• Subscribe
  • Is "COVID-19 marketing" ethical?

    Andrey
    11 replies
    I'm sure all of you received a lot of emails with approximately the same content: "It's hard COVID times, but we are here to help your business stay alive. Here is your XX discount." It seems like many use the pandemic as an opportunity to sell, offering a discount the same as during Halloween, Black Friday, or Christmas. Since 10-20% off for a $10-20 subscription is not likely to help a lot and they also don't offer discounts for existing users, it all looks like marketing based on a disease. Doesn't it all look bad?

    Replies

    Fabian Maume
    It depends. If the company is using its resources to help mitigating covid I would say it is ethical. A good example might be Apify which used its webs craping infrastructure to help aggregate statics about covid. Mapotic is another example of Czech start-up which did it right in my opinion: they created free map to find mask dispensers and testing sites. If covid marketing is just blasting one email telling "we stand together" but there is no action from the company on the front line, I don't see the point.
    Dragos Bulugean
    It depends on how they do it, but in my opinion, most of them are not ethical in their approach, they just do it to boost some sales metrics.
    Petr Němec
    It depends how it is done.

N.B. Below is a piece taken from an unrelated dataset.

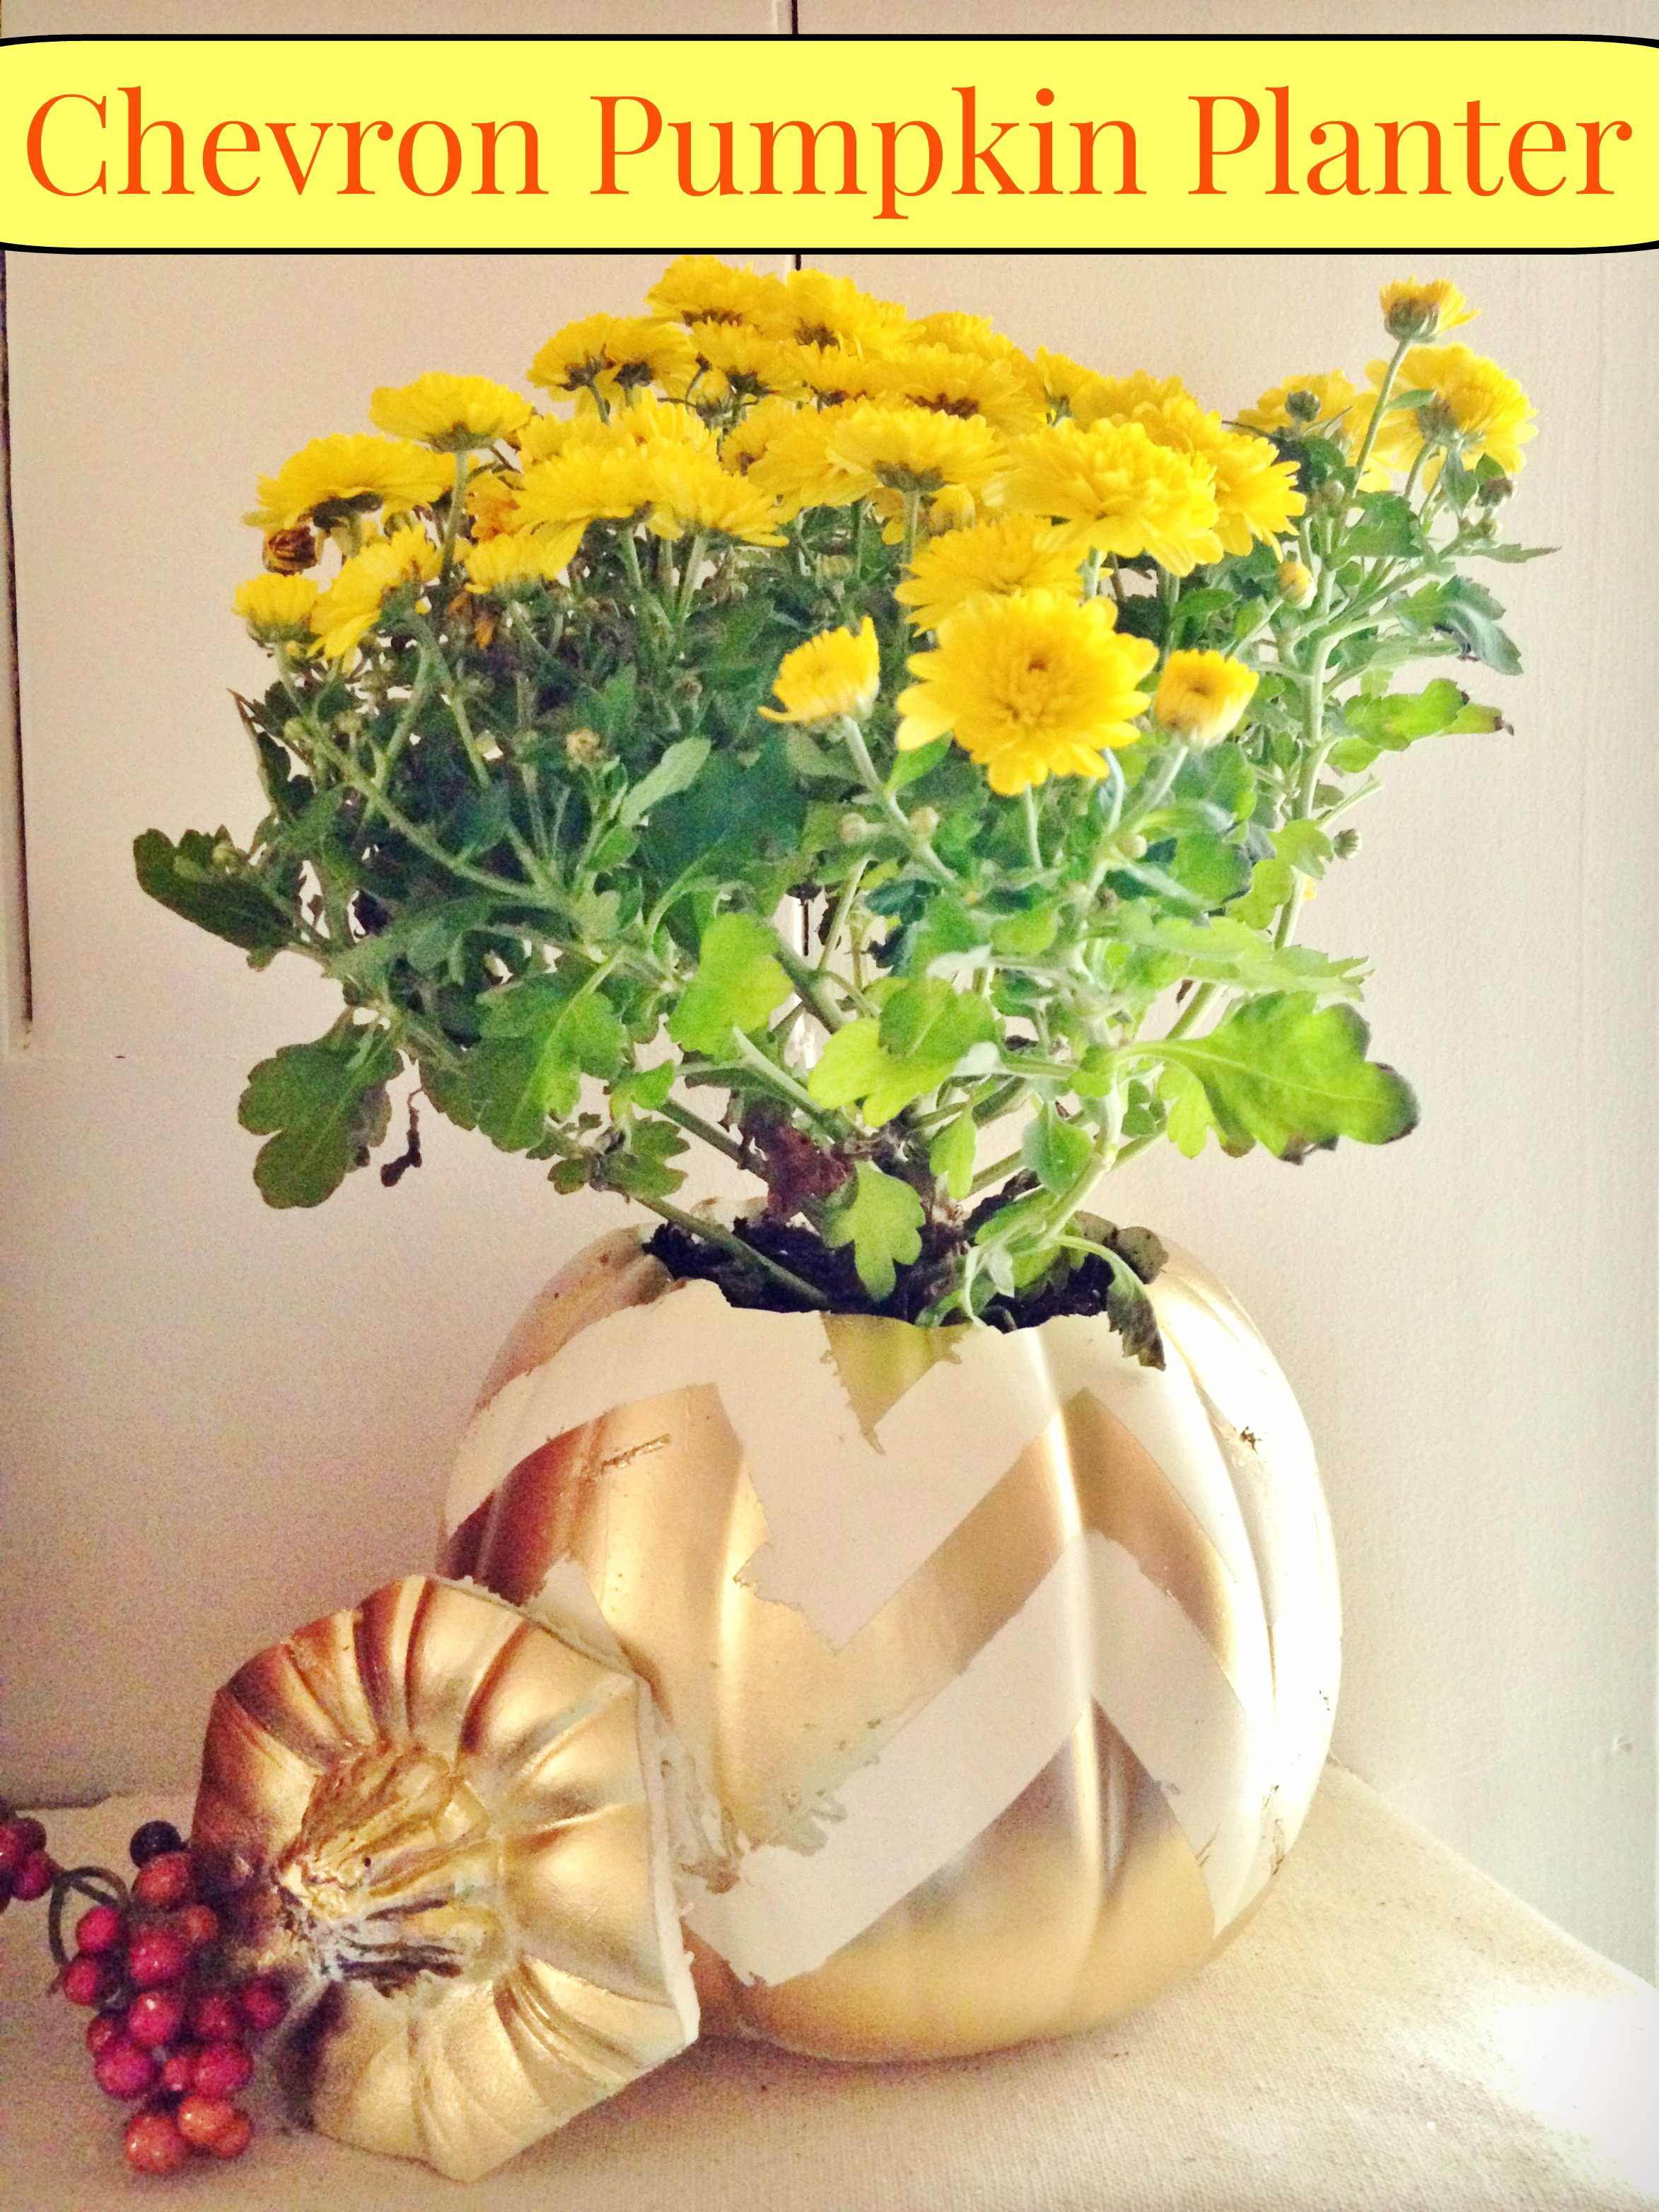 DIY Chevron Pumpkin Planter Frugal Fall Home Decor Craft

Most of the time it is just an excuse to make noise, but some company actually made effort to adapt to covid; like converting alchool into hand sanitazer.
    Cathrin Schneider
    As soon as it becomes a "marketing" initiative, most become unethical as -by nature- they try to increase revenue/growth. But there are excellent examples out there that really benefit the customer AND the business at the same time. Like relief programs for customers in financial trouble. This helps the customer and the business will keep a loyal customer.
    Ana Bibikova
    Wizen Guides
    Wizen Guides
    Common, is it only about COVID marketing? I mean, when people promise you to lift your business on the next hight for "$199/month" or "save your time, money and efforts for $99/month but billed annually" isn't it a part of the same story? I'm sure there is a number of businesses that really hope to be saved for a reasonable monthly subscription fee, but it never actually happens. We're all reasonable people and we realise there're no easy solutions for our problems, but we fall again and again for the promise to be rescued by a wave of a magic wand with convenient Stripe billing. My point is that marketers use our fears, hopes and hidden agendas all the time. Why COVID narrative should be any different?
    Andrey
    @anab You are right. Marketing by nature is not super ethical https://www.history.com/news/cig...
    Ananda Aisola
    I've seen a lot of startups do this for job posting sites, which frankly I find unethical. They scraped the names off some list and are contacting people without their permission to promote their job search portal.
    Andrey
    @ananda_aisola I received this type of email from almost every service where I was signed up for a free trial, including quite famous companies.
    Mr Ethar Alali
    @ananda_aisola This one is definitely horrific! People are looking for work atm and in the scam uses for this, it's phishing and exploitative.